Mais on identifie aussi ces objets à leurs traces. Ces trajectoires des objets a, vous les trouverez dans les témoignages des Analystes de l’École comme dans les cas cliniques.

Il fallait cependant le savoir d’un poète pour parler de l’objet, selon une autre modalité. lcd est allée en rencontrer un. Il écrit des chansons, sa langue est, comme le dit Lacan, la langue que parlent les gens. Il la porte à la formule ou à l’épure. Le dernier album de Philippe Katerine, intitulé Le Film, nous a décidé à aller à sa rencontre. Une des chansons s’intitule en effet Les objets. Comme tout artiste, il nous précède dans le champ du savoir inconscient. Comme poète, son rapport à la langue est du côté de l’énonciation. Exemple : « Les objets durent plus longtemps que les gens [proposition universelle affirmative], pas toujours évidemment, pas la boite d’allumettes, pas la cigarette. » Décomplétude de l’ensemble. Jamais les objets ne constitueront un ensemble universel. L’objet est donc en affinité avec le féminin.

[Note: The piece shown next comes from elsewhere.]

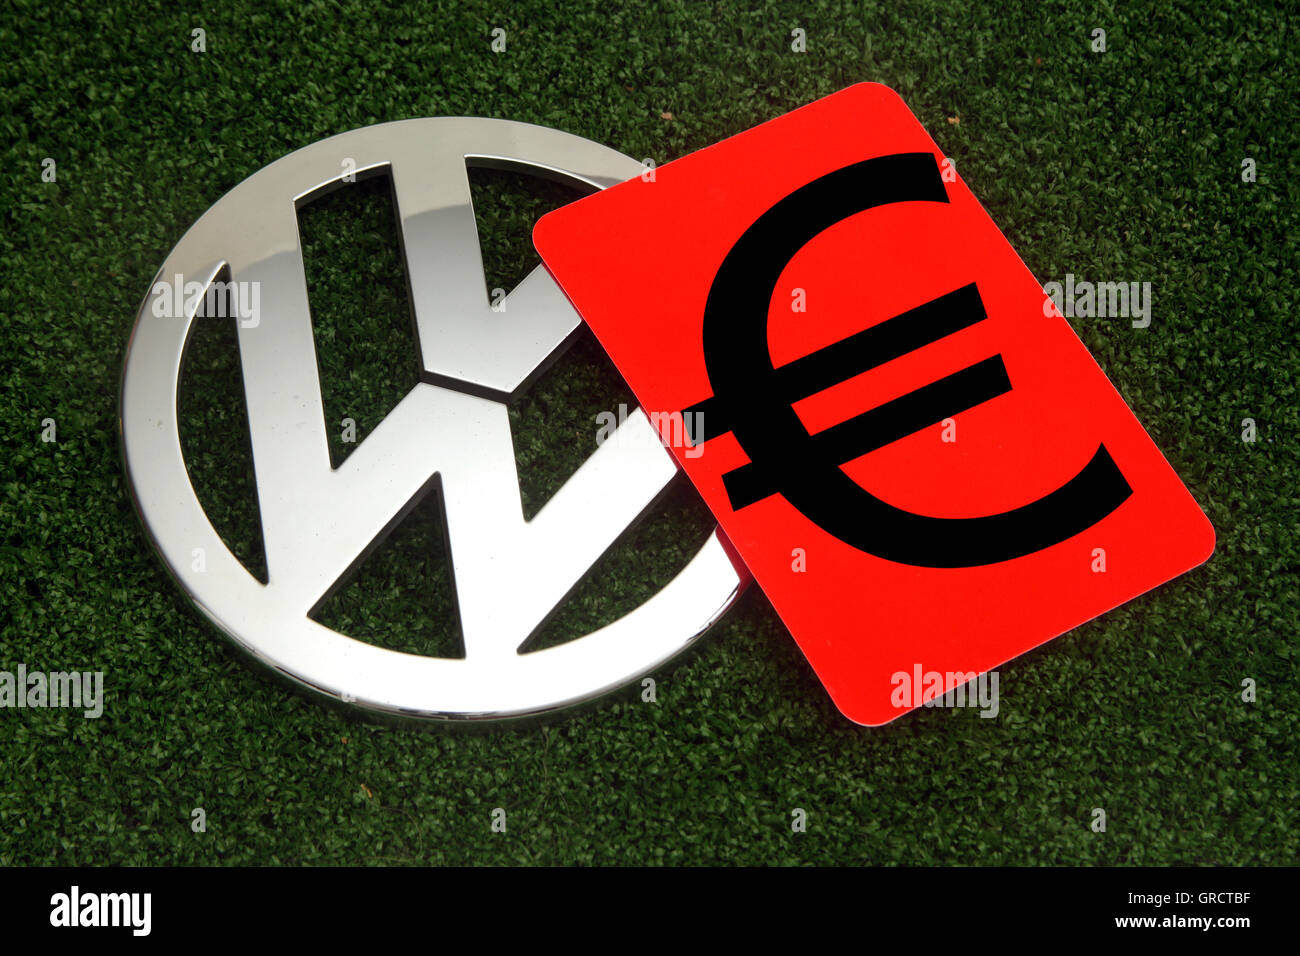 Simbolo Euro su carta rossa con Vw segno sul tappeto erboso verde Foto Stock

La fin, puis le début de ce numéro, maintenant. À Rio, en avril de cette année, l’envoi vers le prochain congrès de l’amp à Barcelone en 2018. À Baltimore, Lacan, en octobre 1966, prononça un exposé en anglais. J.-A. Miller, pour la rubrique « Archives Lacan », a bien voulu en établir le texte à partir d’une nouvelle traduction en français réalisée par les soins de la revue. Un objet a été perdu à Baltimore ! Mais le texte, ainsi établi « d’après Lacan », nous éclaire sur le lien du sujet à l’objet. Jugez-en : « Où est le sujet ? Il est nécessaire de poser le sujet comme un objet perdu. Plus précisément, cet objet perdu est le support du sujet, et souvent c’est quelque chose de bien plus abject qu’il ne vous plairait à considérer. » L’objet est le support du sujet, c’est sa première métamorphose. Ainsi transformé, il se cache dans le déploiement de la parole analysante, circule dans la chaîne des signifiants, dont la matérialité constitue, à proprement parler et en jouant sur l’équivoque, l’objet de la psychanalyse.

En guise de conclusion, une nouveauté et un cadeau. L’équipe de rédaction qui a assuré dix numéros de La Cause du désir permute et vous dit au revoir. Ce fut pour nous tous une aventure et un enseignement. Elle remercie les deux présidentes de l’ecf, Patricia Bosquin-Caroz et Christiane Alberti, pour leur soutien sans faille, et J.-A. Miller, pour ses conseils et sa générosité. Nous terminons par l’entrée de La Cause du désir dans l’ère du numérique et un cadeau à tous nos lecteurs abonnés ! Ils vont désormais, dès ce numéro 94, recevoir la version digitale de la revue, en plus de la revue papier.

Et maintenant, place à la nouvelle équipe, dirigée par Aurélie Pfauwadel, à laquelle nous passons le relai. Nous sommes impatients de lire leur version de la cause du désir…

Marie-Hélène Brousse.
(1) Lacan J., Le Séminaire, livre xix, … ou pire, Paris, Seuil, 2011, p. 116.
(2)Lacan J., Le Séminaire, livre x, L’angoisse, Paris, Seuil, 2004, p. 107.